### EXERCISE DETAILS
Using the listing below, print exactly everything from the line with "assassin, Atelier Nadar" down to the line with "Adams, Mass Pickleball Short Sleeve T-Shirt", both included, and nothing more.

### ENTRIES PROVIDED
■ ■ ■ ■ ■ ■ ■

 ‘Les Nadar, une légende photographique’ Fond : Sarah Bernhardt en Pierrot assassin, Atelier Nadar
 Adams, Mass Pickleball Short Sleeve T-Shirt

■ ■ ■ ■ ■ ■ ■

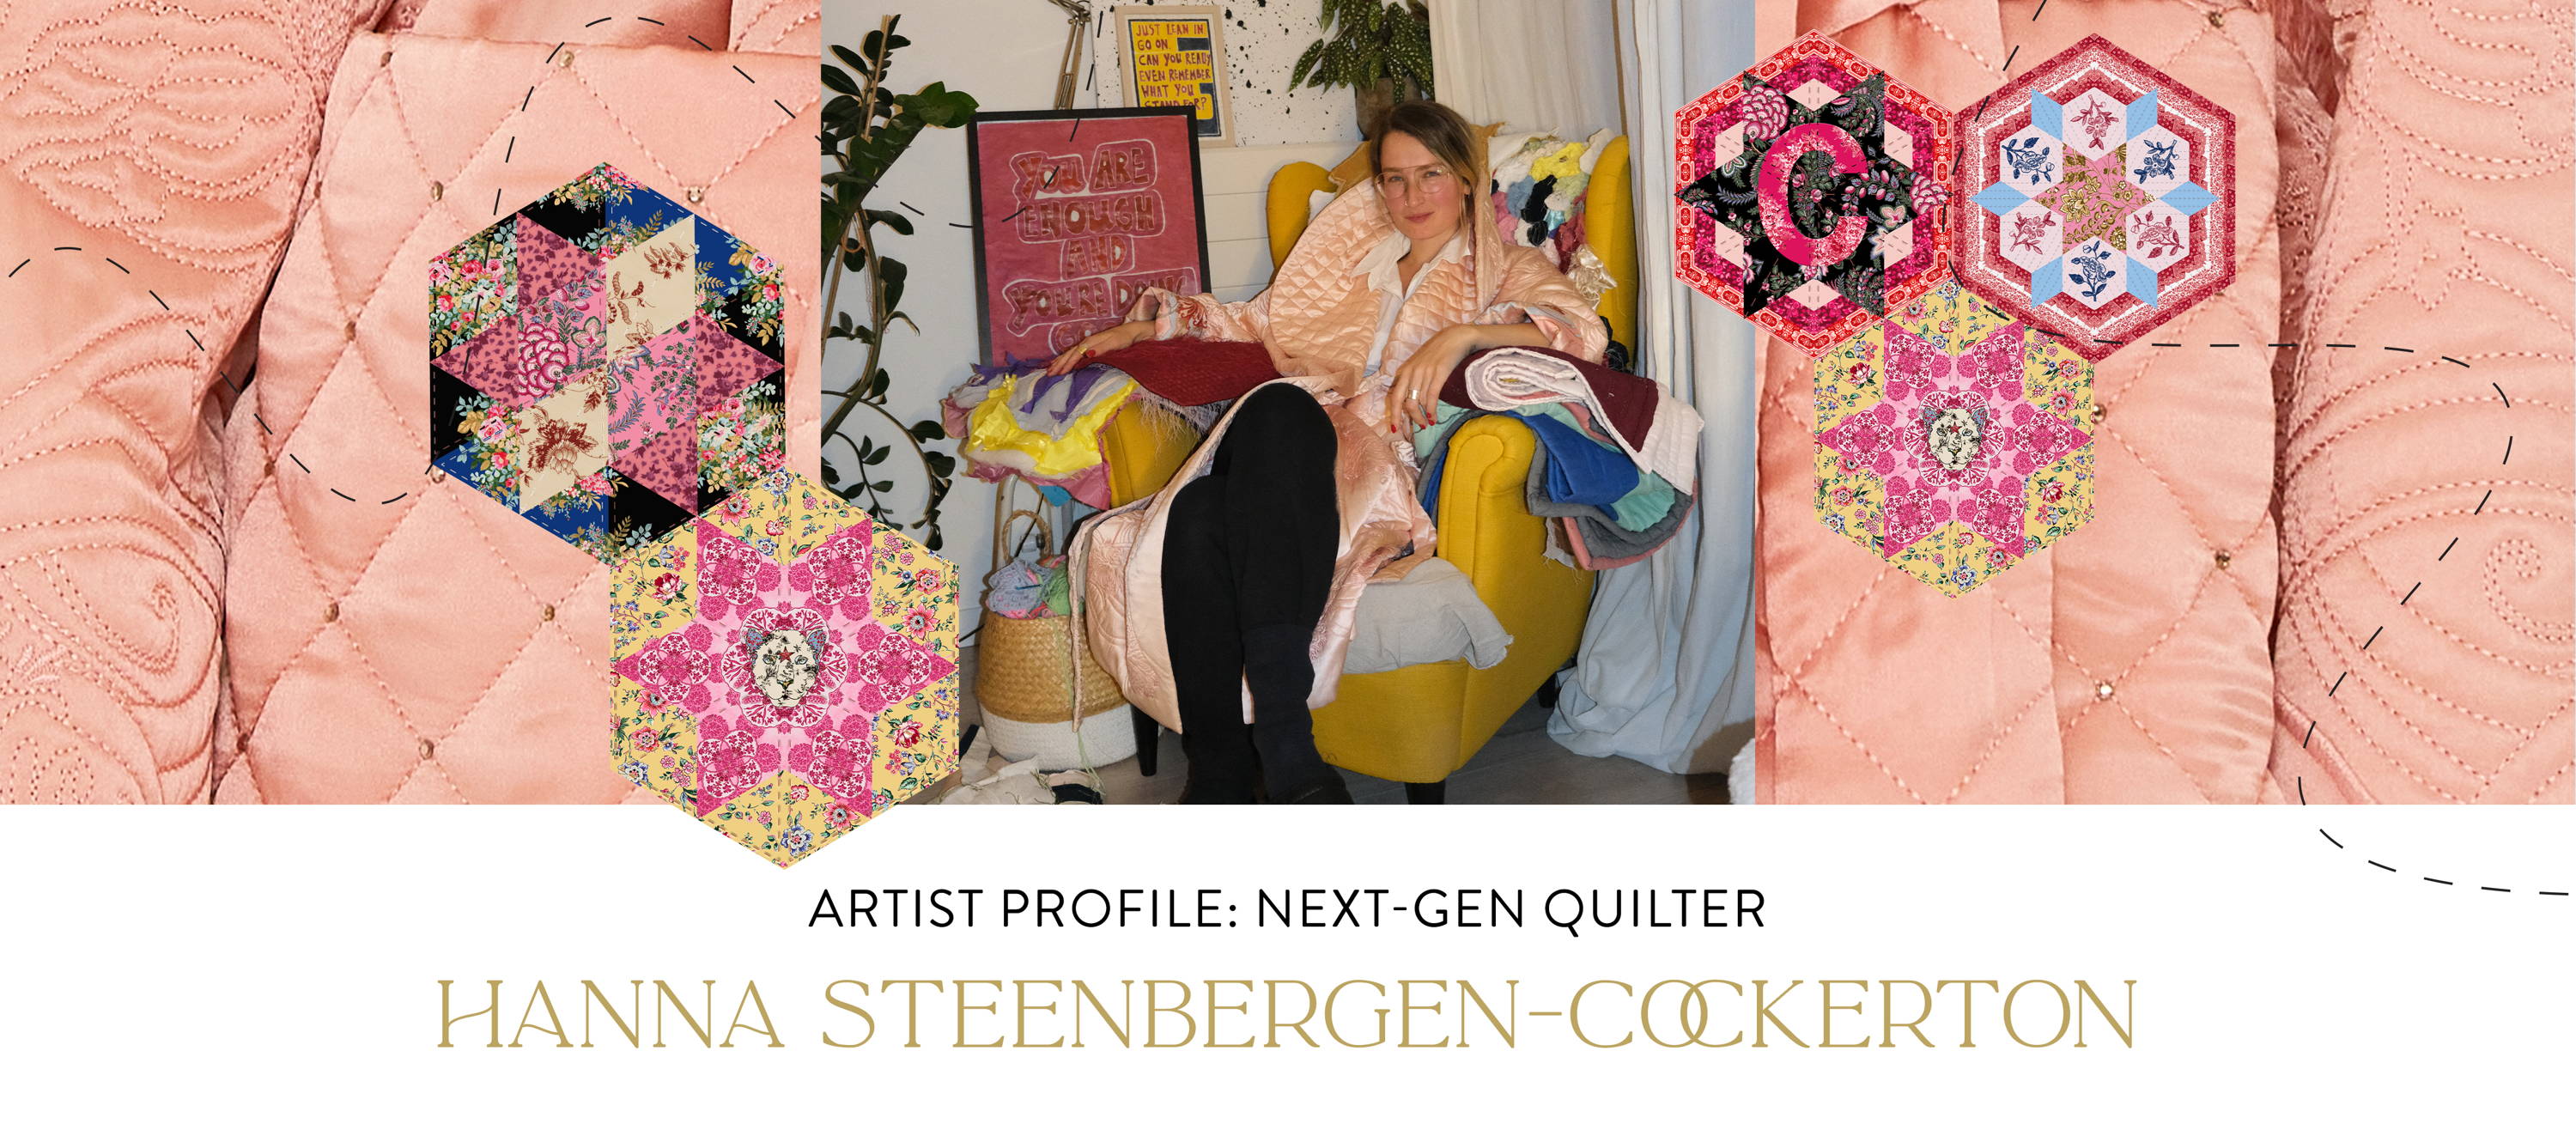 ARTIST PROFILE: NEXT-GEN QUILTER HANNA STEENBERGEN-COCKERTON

■ ■ ■ ■ ■ ■ ■

### SOLUTION
 ‘Les Nadar, une légende photographique’ Fond : Sarah Bernhardt en Pierrot assassin, Atelier Nadar
 Adams, Mass Pickleball Short Sleeve T-Shirt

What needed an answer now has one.